2.2 KiB
🔀 #136 - Q2_K_R4
| Author | ikawrakow |
|---|---|
| State | ❌ Closed |
| Created | 2024-12-11 |
| Updated | 2024-12-11 |
Description
Follow up of #118, #119, #120, #121, #122, #123, #129, #130, #132, #134 for Q2_K.
This completes R4 implementation for k-quants on ARM_NEON, AVX2, and Zen4.
We get signifiant performance gains on all platforms. Here is PP-512 for LLaMA-3.1-8B on Zen4 (Ryzen-7950X), ARM_NEON (M2-Max) and AVX2 (Ryzen-5975WX)

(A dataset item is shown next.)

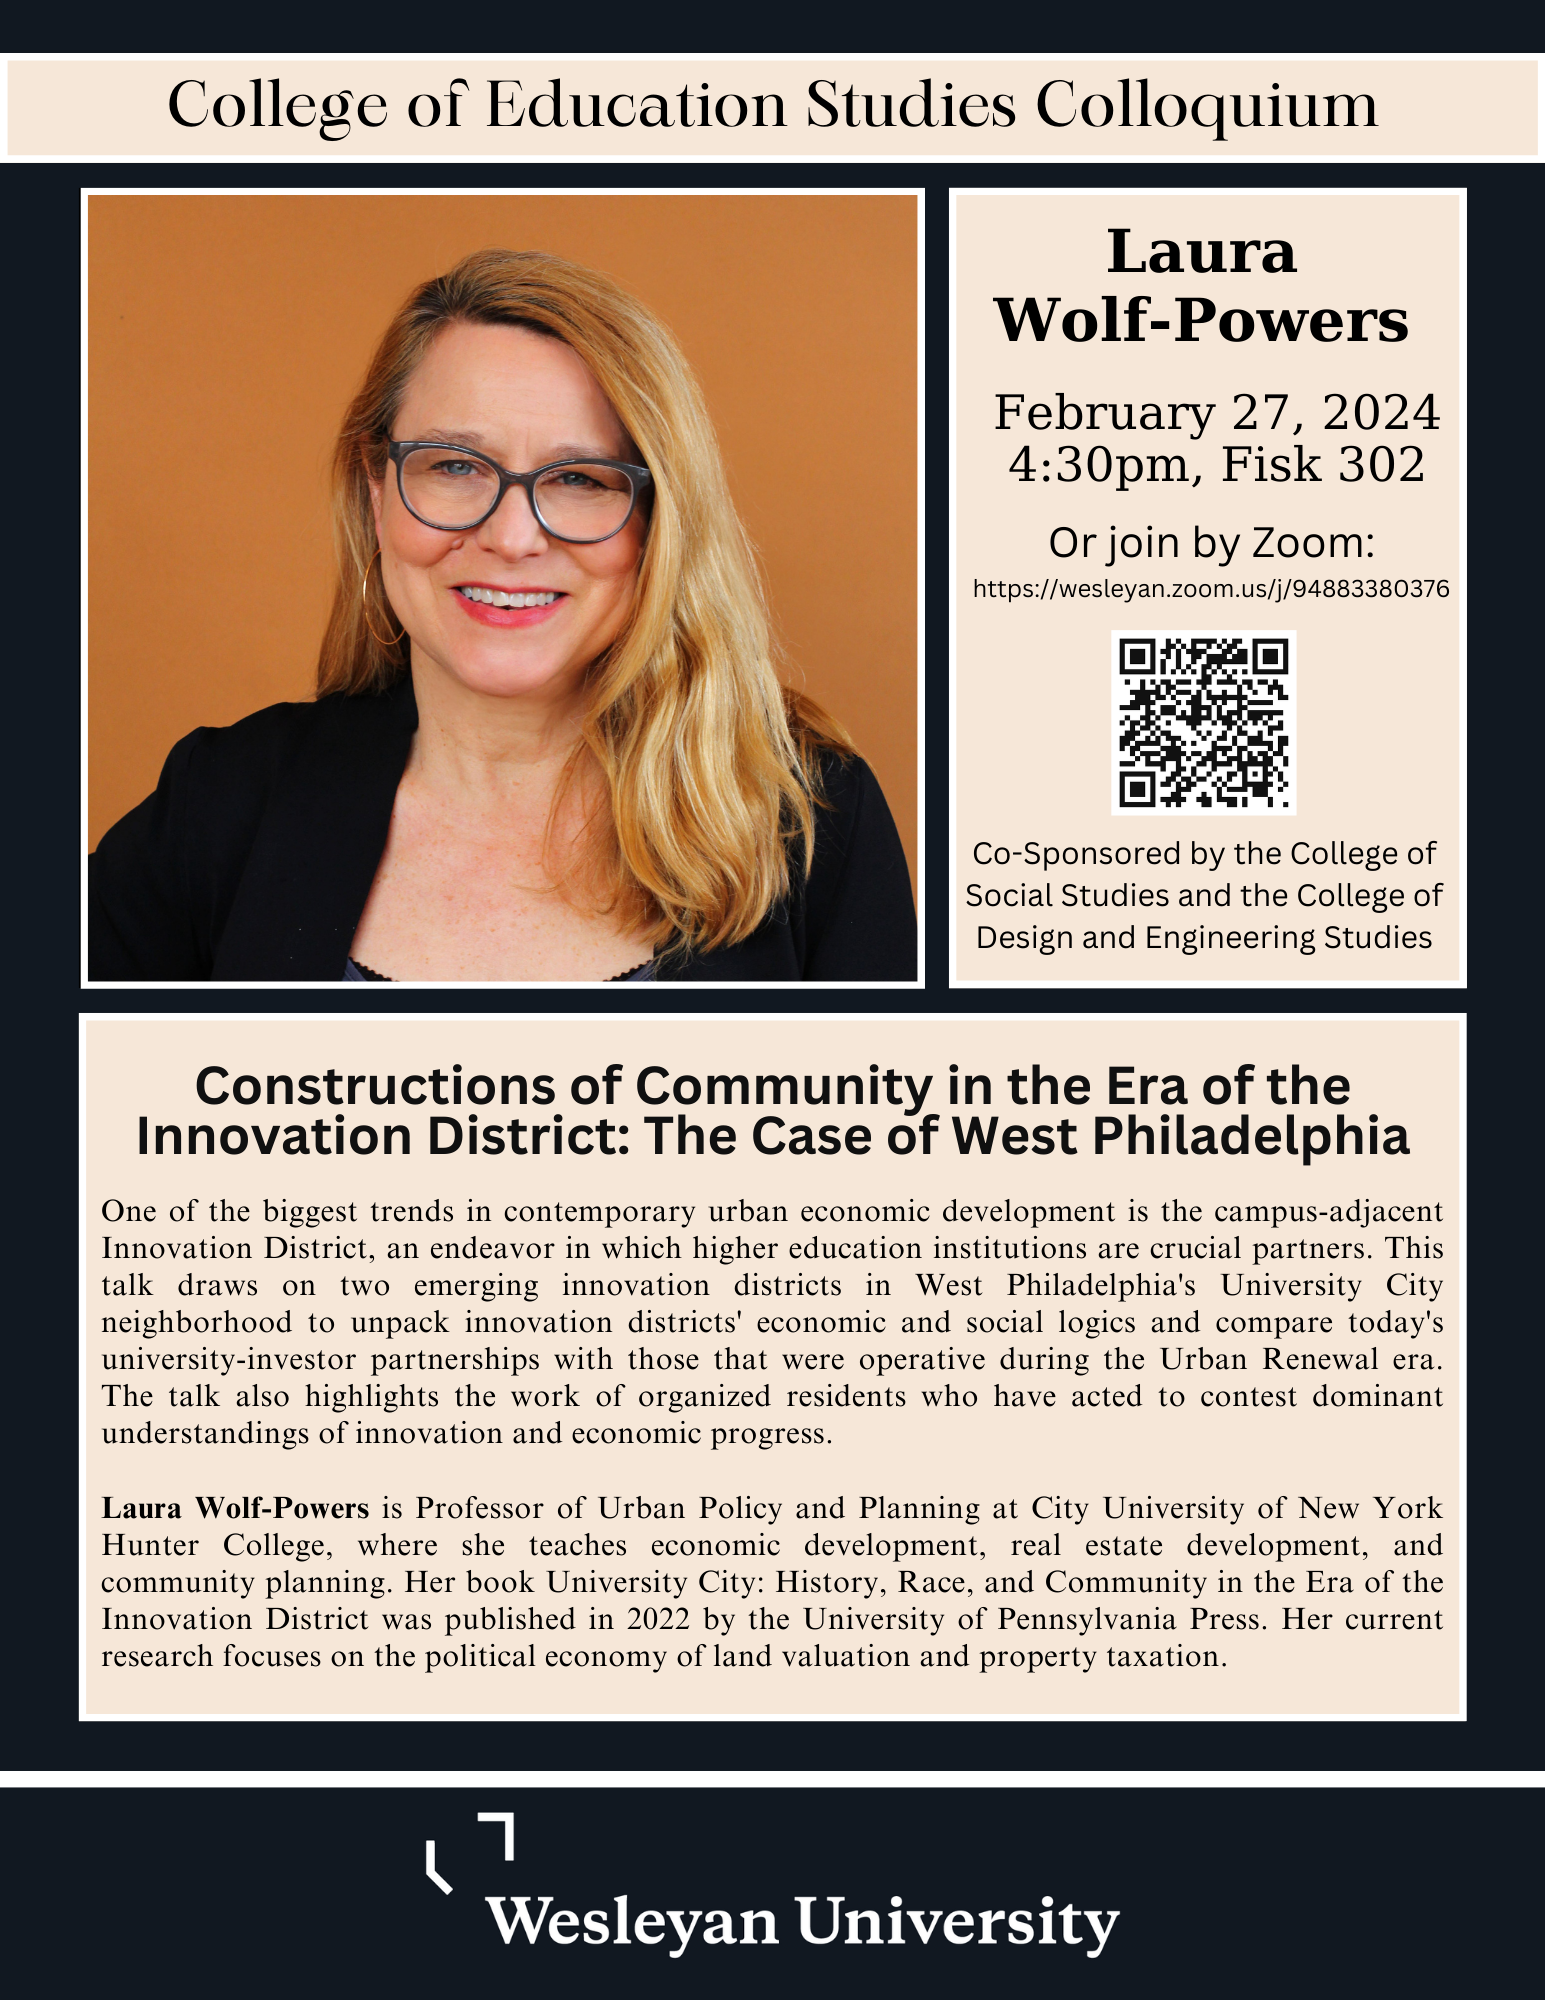 Laura-Wolf-Powers_022724.png
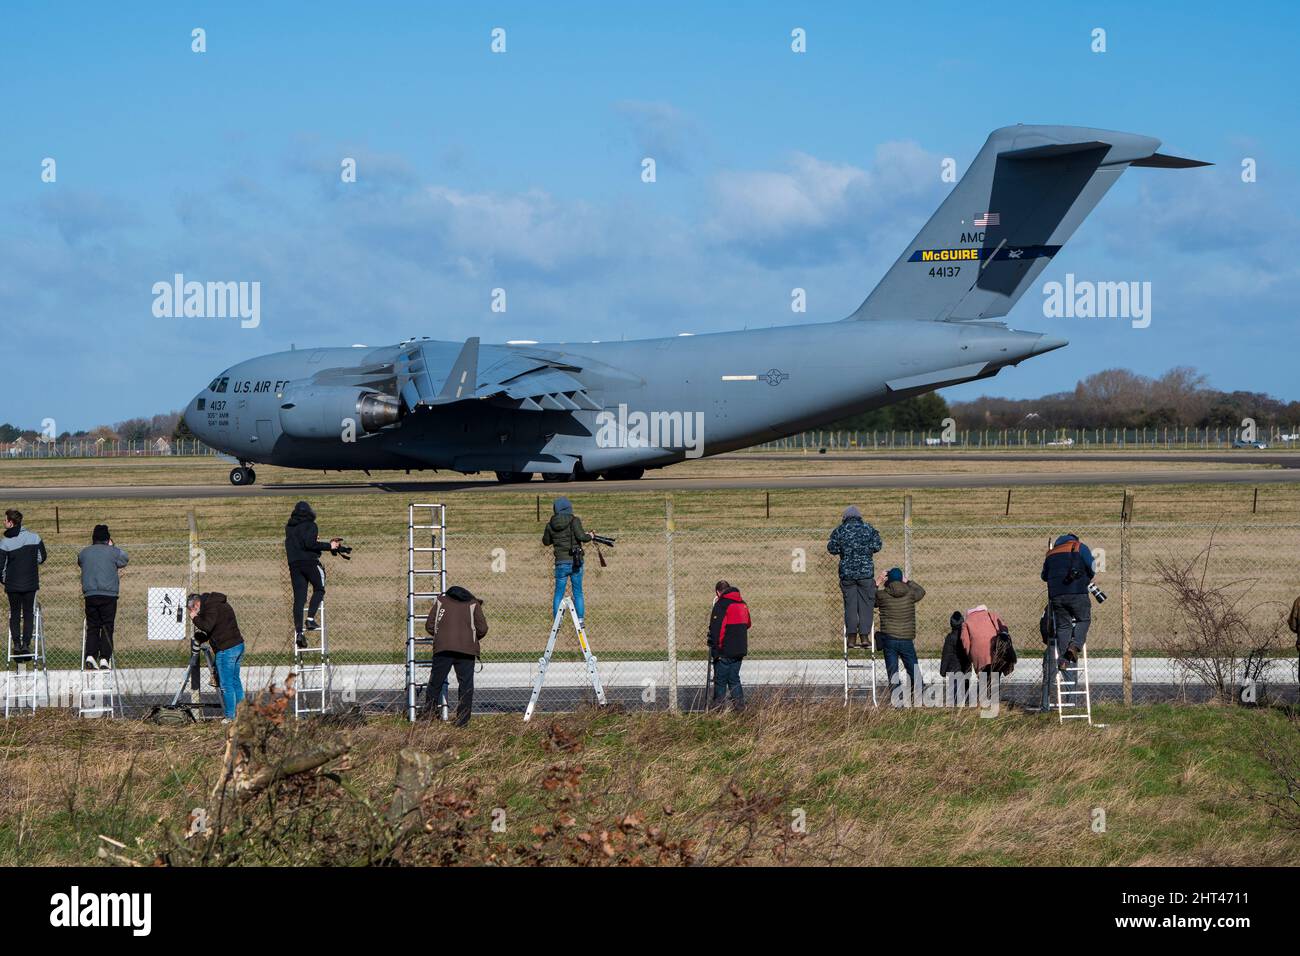 Plane spotters at Mildehall Air Field taking pictures of Boeing C-17 Globemaster III taxi-ing Stock Photo

| Platform | Threads | Q2_K_S | Q2_K_R4 | Speedup |
|---|---|---|---|---|
| ARM_NEON | 8 | 73.79 ± 1.92 | 109.07 ± 0.58 | 1.478 |
| Zen4 | 16 | 205.95 ± 0.77 | 256.19 ± 0.26 | 1.244 |
| AVX2 | 32 | 214.42 ± 0.54 | 286.91 ± 0.63 | 1.338 |
As Q2_K is smaller than other k-quants, here the CPU can do more work before available memory bandwidth saturates when running TG. Hence, we get non-negligible performance gains on all platforms also for TG.
Here results for TG-128 on LLaMA-3.1-8B with different numbers of threads:
| Platform | Threads | Q2_K_S | Q2_K_R4 | Speedup |
|---|---|---|---|---|
| ARM_NEON | 2 | 10.34 ± 0.01 | 12.81 ± 0.01 | 1.239 |
| 4 | 19.32 ± 0.02 | 23.40 ± 0.08 | 1.211 | |
| 8 | 32.36 ± 0.59 | 36.02 ± 0.40 | 1.113 | |
| Zen4 | 1 | 6.60 ± 0.02 | 9.08 ± 0.12 | 1.376 |
| 2 | 12.12 ± 0.01 | 16.40 ± 0.00 | 1.353 | |
| 4 | 19.12 ± 0.56 | 20.72 ± 0.19 | 1.084 | |
| AVX2 | 2 | 5.93 ± 0.02 | 10.16 ± 0.30 | 1.713 |
| 4 | 11.24 ± 0.00 | 17.59 ± 0.01 | 1.565 | |
| 8 | 18.62 ± 0.03 | 21.44 ± 0.00 | 1.151 |
It is actually too bad Q2_K is such a low quality quantization as performance is really good. Perhaps I should try to improve it? When I was developing it back then it was much better than any other 2-bit attempt at the time, so I was quite pleased with the result. But with today's knowledge that we can do much better at 2 bpw, perhaps a fresh look could be useful.